Дядька повел гостя по пустым, будто не жилым, апартаментам, к той комнате, которая прежде служила Пущину детской, а теперь превращена была в кабинет прапорщика-конногвардейца.

У обоих друзей губы неодолимо расползлись в улыбку, когда они увидели друг друга. Пущин еще сидел за письменным столом, Пушкин еще стоял у порога, а какая-то искра пронеслась от одного к другому – и что-то, понятное только им одним, сомкнулось…

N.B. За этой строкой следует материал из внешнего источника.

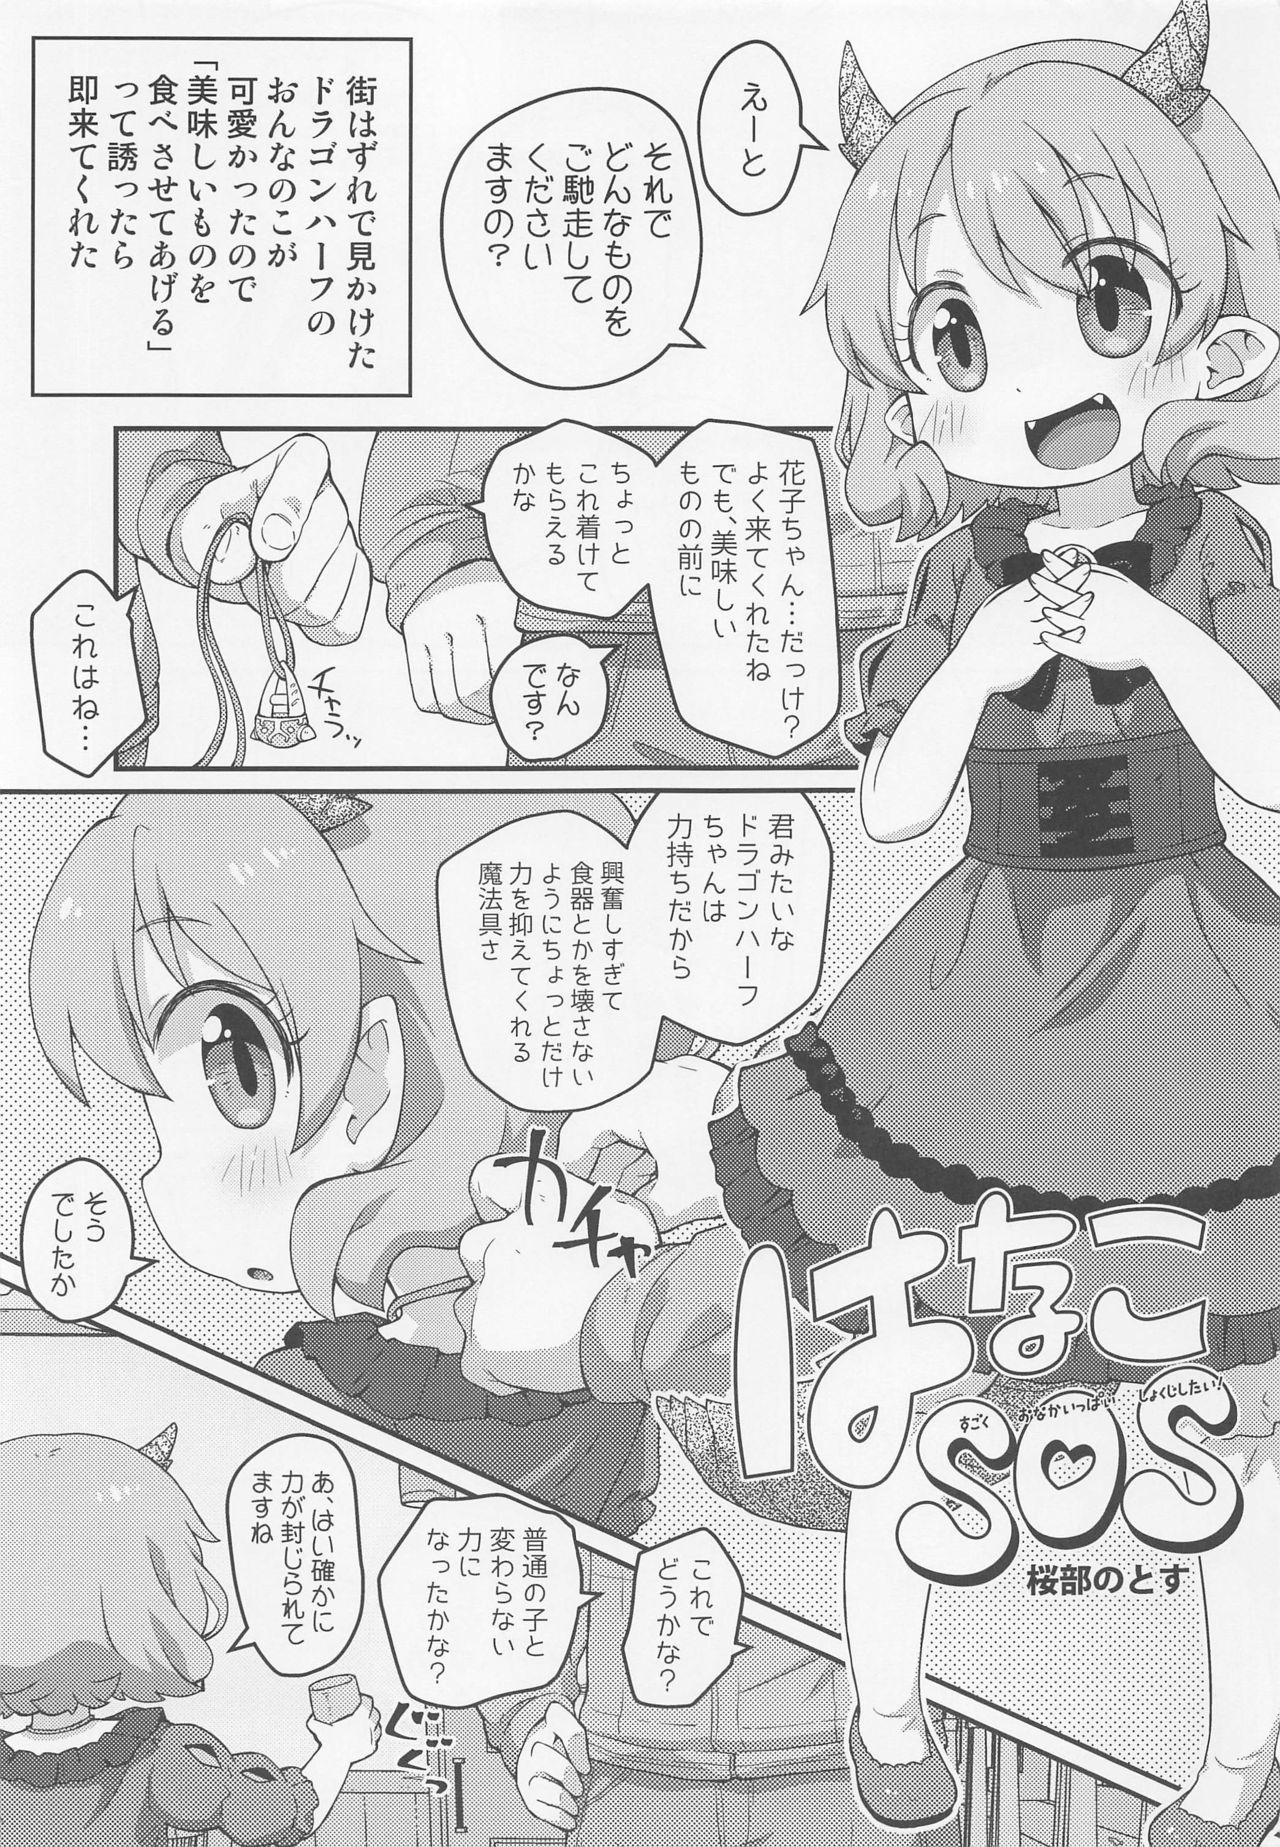 Spit Hanako SOS - Hataage kemono michi Teensex - Page 4

…Как вообще могло случиться, что их дороги не полностью совпали?.. Пущин был частым гостем в «Священной артели», а Пушкину ученые рассуждения и строгие правила казались докучными… Пущин в гвардейском образцовом батальоне учился фрунту, сдавал экзамены и вот произведен в прапорщики конно-артиллерийского полка, а Пушкин летом ездил со всей семьей в деревню, служил в Иностранной коллегии, и в Петербурге они почти не виделись…

И они сразу же принялись вспоминать прощание в Лицее: Пушкин уезжал из Царского Села – помнишь? – Пущин, больной, оставался на попечении доктора Петеля – помнишь? – Пушкин пришел навестить друга, а стихи, помнишь?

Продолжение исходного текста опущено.